The proctor worked her mouth in frustration.

“She’s getting farther away,” he warned the proctor.

“Go, then,” she agreed. Gabriel was too busy running down the hall to make out what else she called after them.

“Where are wegoing?” Nic gasped as Gabriel practically dragged her down the hallway, his much greater stride leaving her scrambling, his viselike grip on her hand remorseless. “Seliah will be—”

“Selly will be fine,” he growled. “For now, anyway. I have no doubt she’ll give everyone the slip, and at least out in the marshes she’s safe from your Convocation.”

“They’re not mine,” Nic protested, though it was reflexive. Her brain wasn’t working quite right, still numb from the emotional shock of seeing her Betrothal Trials proctor again. She knew the Convocation would send someone, and she even got the logic of sending the same proctor, but somehow she’d hadn’t been prepared for the brutal reality. Those long months she’d spent locked in her tower room, the proctor’s regular examinations and caustically patronizing remarks. That had been one world, her previous life. To have that woman appear here, in this place she’d begun to make into a home, sullying a house she and Gabriel had literally raised together from the muck and were building into something truly beautiful… well, it had been a shock.

If her brain were working better, she’d be able to think of a better way to phrase it to herself.

Gabriel wrenched open the door to the cellar, pausing only to tell her to close it behind them, then careened down the rickety wooden steps. Part of her mind that was keeping the endless lists on house renovations noted that they should fix those.

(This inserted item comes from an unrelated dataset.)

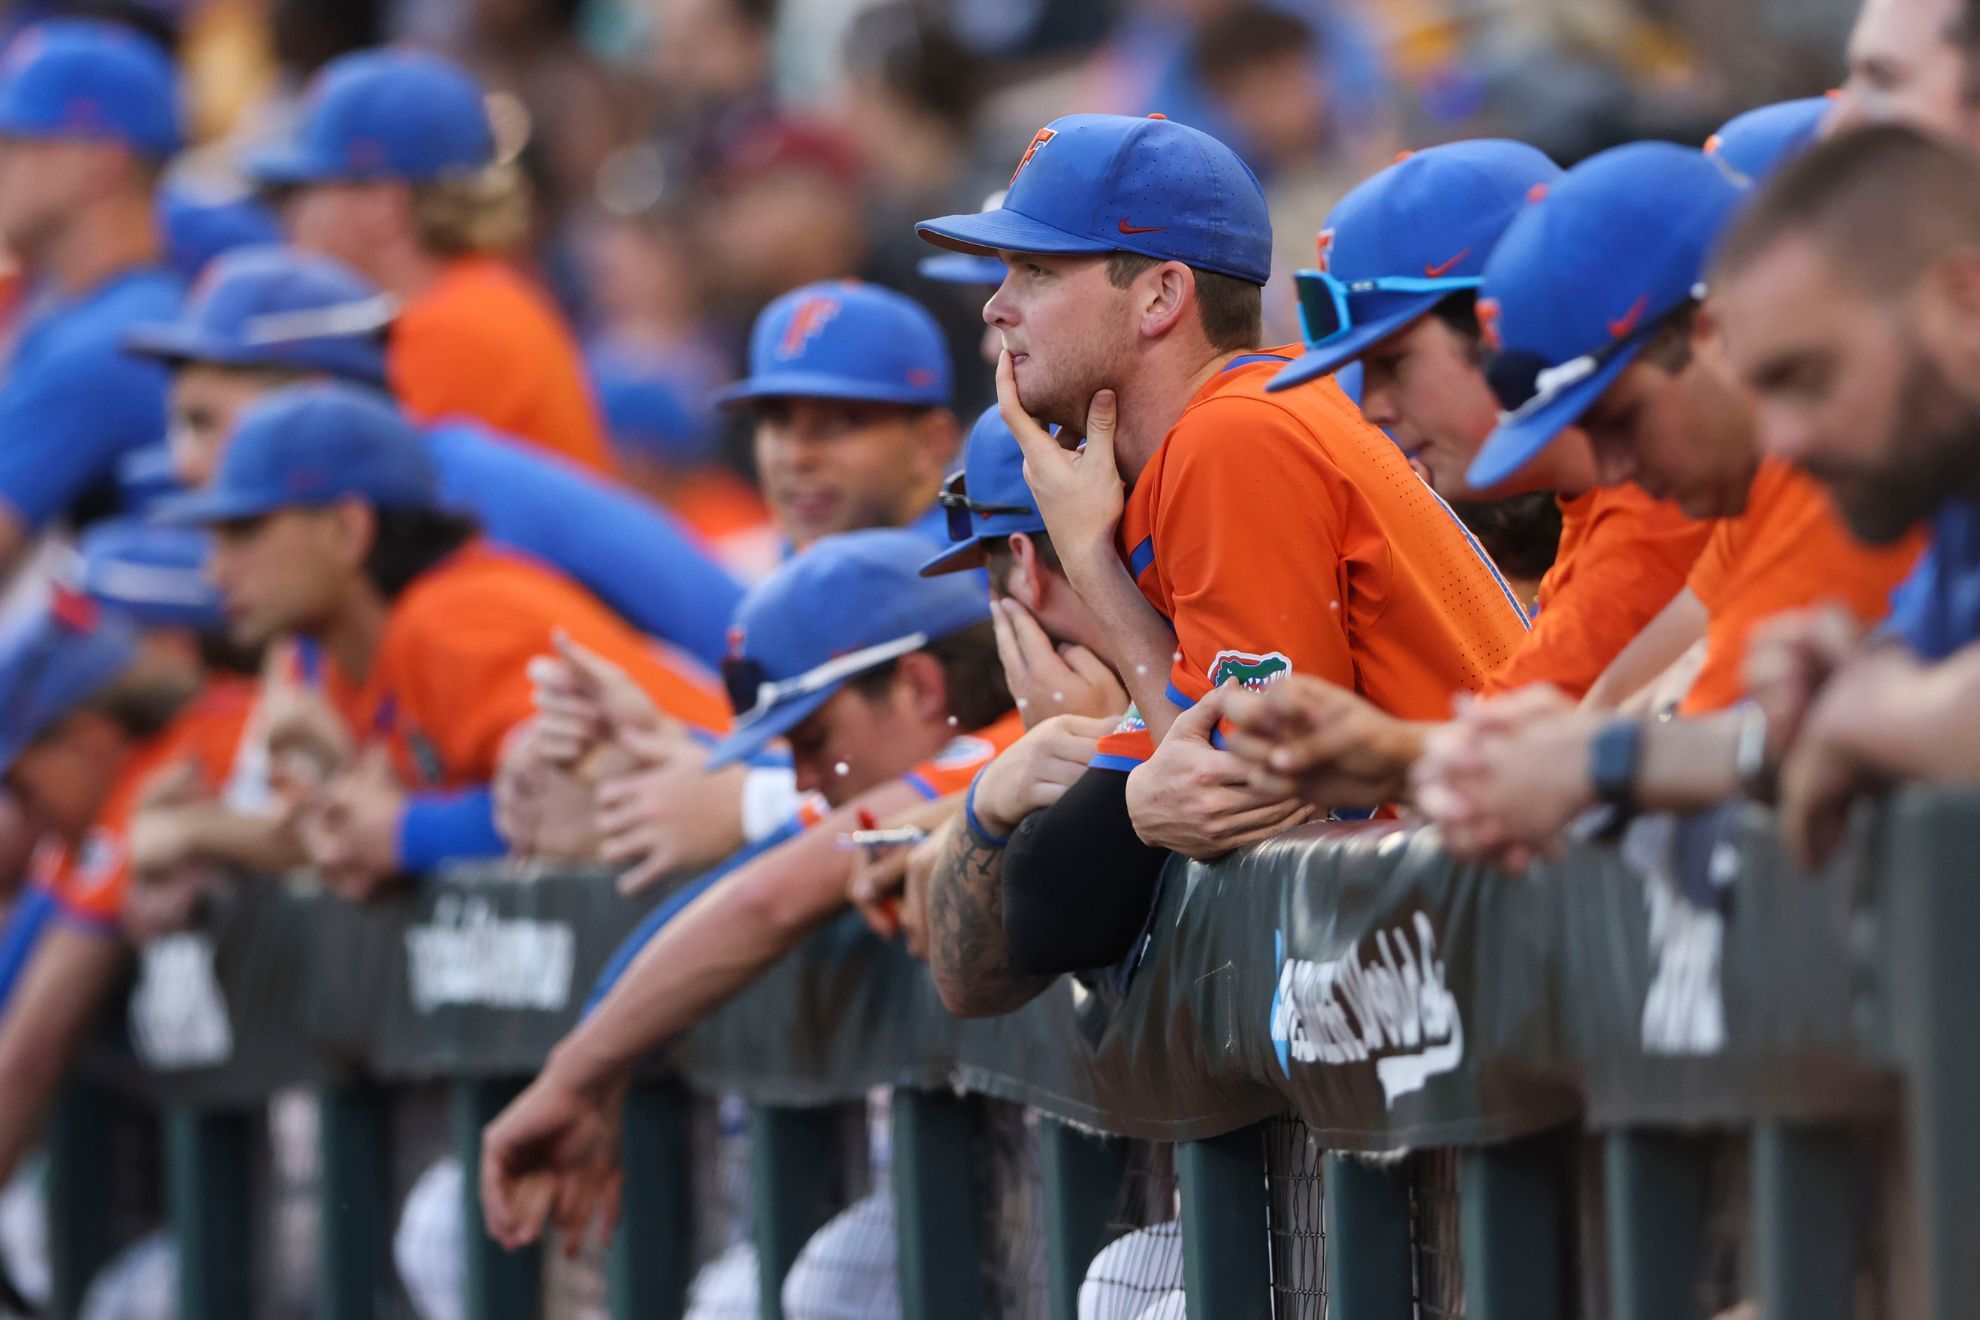 Gators join long list of Florida teams to lose a final this past month

The other part was sitting up and paying attention at the possibility of visiting the arcanium and all of its dark delights.

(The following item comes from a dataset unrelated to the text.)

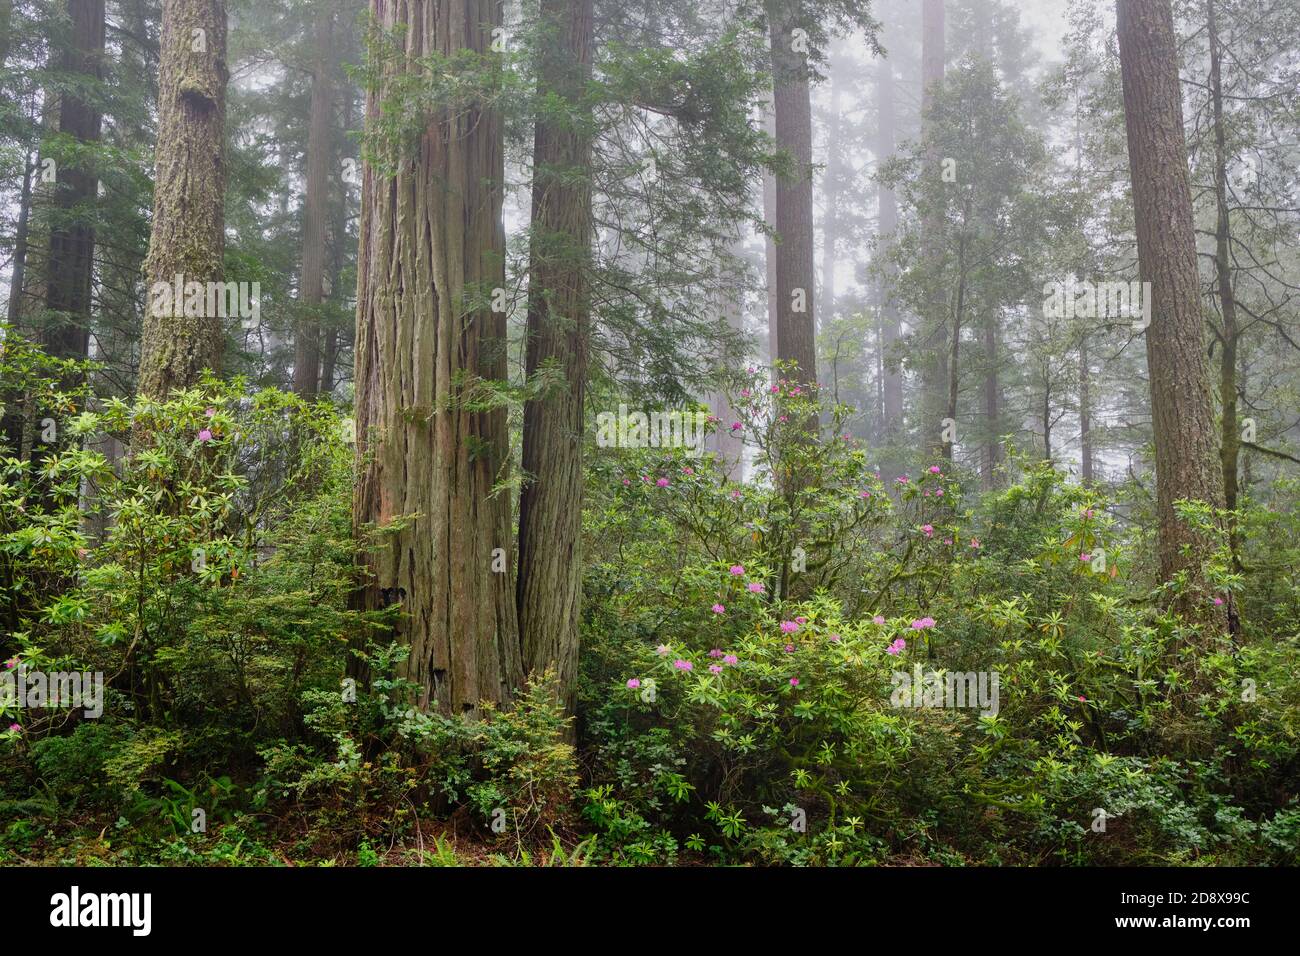 Foggy day in Del Norte Coast Redwoods State Park and blooming pink rhododendrons brighten the forest Stock Photo

“We’re going to the arcanium?” she panted. “Now? But what about—”

“Whatever you’re worrying about, I don’t care,” Gabriel bit out. “It’s you I need to protect.”

Nic rolled her eyes to herself. Wizards. At least she could forever throw this back in Gabriel’s face if he ever again balked when she mentioned the nature of wizards. “You can’t seal me in the arcanium.”

He skidded to a stop. “Why not? That might actually work. They’re sacrosanct, right? No one can enter another wizard’s arcanium.”

“True. So when you find my desiccated corpse after I’ve died of thirst and hunger, no one else will have disturbed my bones,” she observed drily.

“I would bring you food. And water, as you’ve so often observed, is not an issue.” He grinned briefly, then strode on.

Since she was a patient and forbearing soul, she didn’t point out that he had a grip on her like a constrictor slowly squeezing the life from its prey. “If wizards could get away with imprisoning their familiars in their arcaniums, they no doubt would.” Nic drew in a deep breath when Gabriel paused to magically extract a fistful of silver nails from the door leading to the tunnel.

“I didn’t want anyone opening this door and finding the tunnel by accident,” he explained to her questioning look, closing the door behind them and sending the nails flying to seal it again. “I know no one can enter the arcanium without us, but better to keep the curious from getting close.”

“It’s good thinking. Proper wizard paranoia. I’m so proud.” She pretended to wipe away a tear.

“You get more sarcastic when you’re upset,” he noted, charging down the tunnel. “So I’ll let that go.”

“Do I? And here I thought my sarcasm was all-purpose, wear anywhere, use anytime.”

“That too,” he muttered, pausing at the final doorway. He already had a grip on her, so he pulled the magic easily, blending it with his own to spiral the door open. “Get inside.”

She obeyed, though his high-handedness irritated her. “As much as I love it when you order me around, my only love, I really don’t—”

“Have time to argue,” he interrupted. “We’re going to need a lot of sex magic. Take off your clothes and kneel.”